On Thu, May 02, 2024 at 14:14:25 +0300, Marius Vollmer wrote:
Hi!
I am trying to improve the support for VM snapshots in the Cockpit web
console, and I am afraid I have questions...
We have been asked to prefer the "external" over the "internal"
snapshot
format, at least on RHEL. I haven't yet figured out why, and
consequently I am struggling with deciding how hard the Cockpit UI
should push people towards external snapshots.
This is because development preferentially went into external
snapshots. This unfortunately also meant that internal snapshots were
neglected.
So, what's wrong with internal snapshots?
Firstly.
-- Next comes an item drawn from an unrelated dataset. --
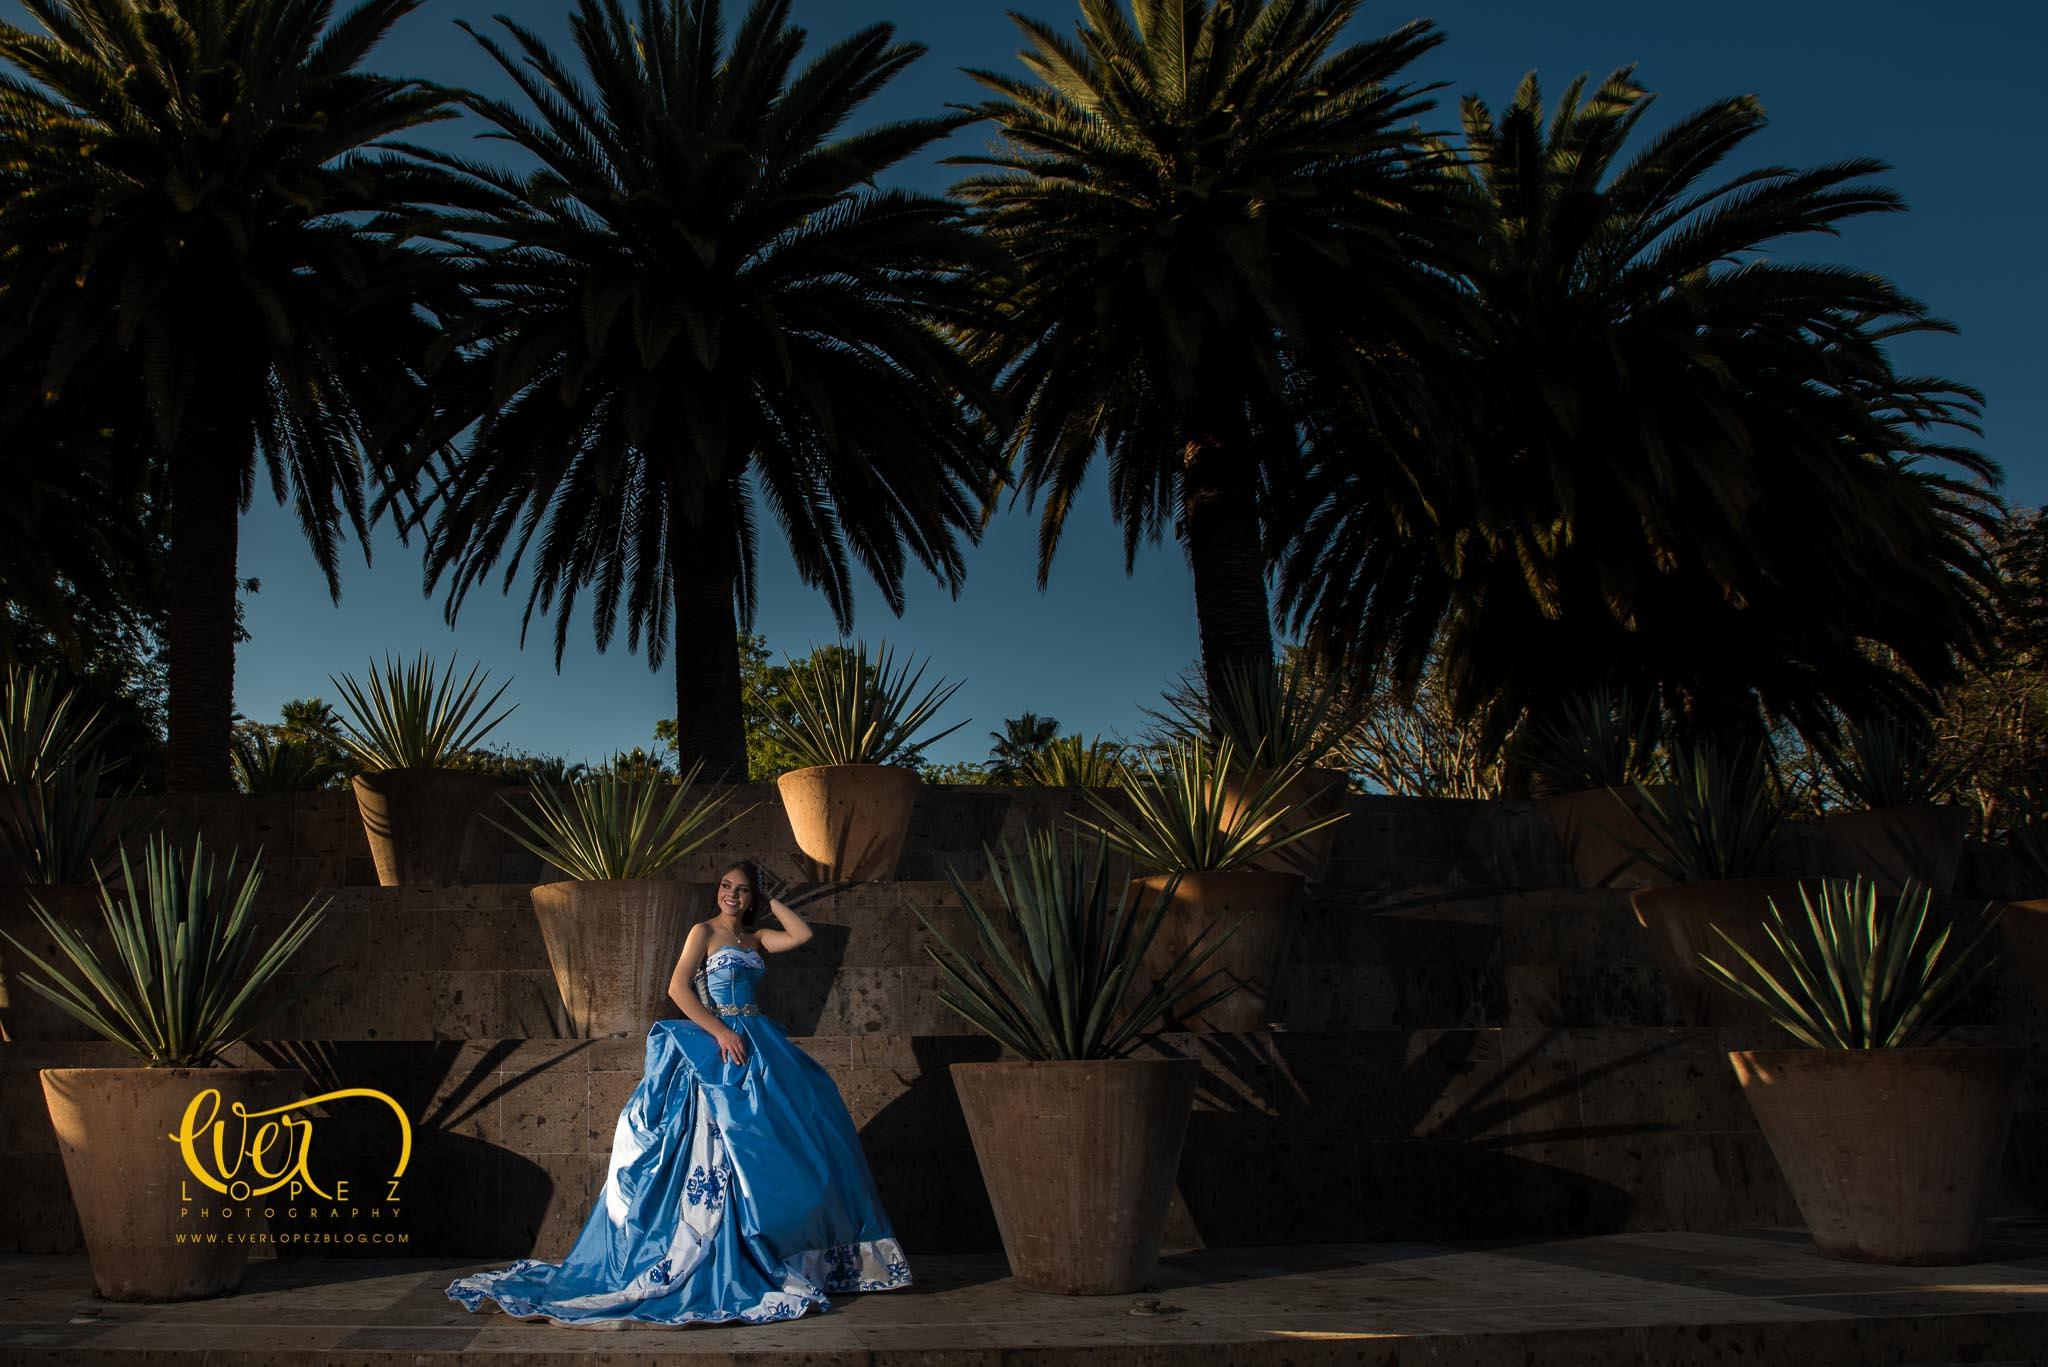 Locaciones para fotos de xv años quinceañeras Guadalajara jalisco, www.everlopezblog.com

Internal snapshots only work with storage formats which do
support them. Basically you can't snapshot a VM with 'raw' disk. That's
not the case with external snapshots as qcow2 is done as an overlay.
Currently, internal snapshots (at least when done via libvirt) don't
allow you to do a partial (not all disks) snapshot or don't work with
UEFI (historical reasons -> memory image would be stored in the UEFI
image). Both of those can be solved but will require some work.
I heard they are "unreliable", but how so in detail? Does the data
structure inside the qcow2 files get corrupted easily?
I don't think this ever was true.
Do they behave
poorly when the snapshot process runs out of disk in the middle?
The main problem is that the VM is paused and the interaction with
libvirt blocks until the snapshot is done.
The only disk consumption is from when the memory si snapshotted, in
either case that should lead to failuer in snapshotting and the VM
should continue
That
sort of thing would help me a lot to figure out what Cockpit should be
doing on platforms other than RHEL.
I don't think having different behaviour is a good idea.
And how well (or how soon) can external snapshots be expected to
work?
Very technically libvirt already expects external snapshots to work.
Said that it's a relatively recent implementation so there may be bugs.
I have severely messed up my libvirt state a couple of times while
playing around with them, and my confidence in them right now isn't
great. :-) Are you surprised by this? Or are external snapshots not yet
considered ready?
Please do report them including steps how you managed to break stuff.
(Most recent example from my experiments: Deleting a full system
snapshot of a paused machine fails with "internal error: unable to
execute QEMU command 'block-commit': Block node is read-only". Reverting
to it works and after that it can also be deleted, all while the VM is
paused.)
Ah right. This is a corner case oversight in the implementation. QEMU
apparently removes write flags from the storage while the VM is paused.
Once again please report this in our issue tracker.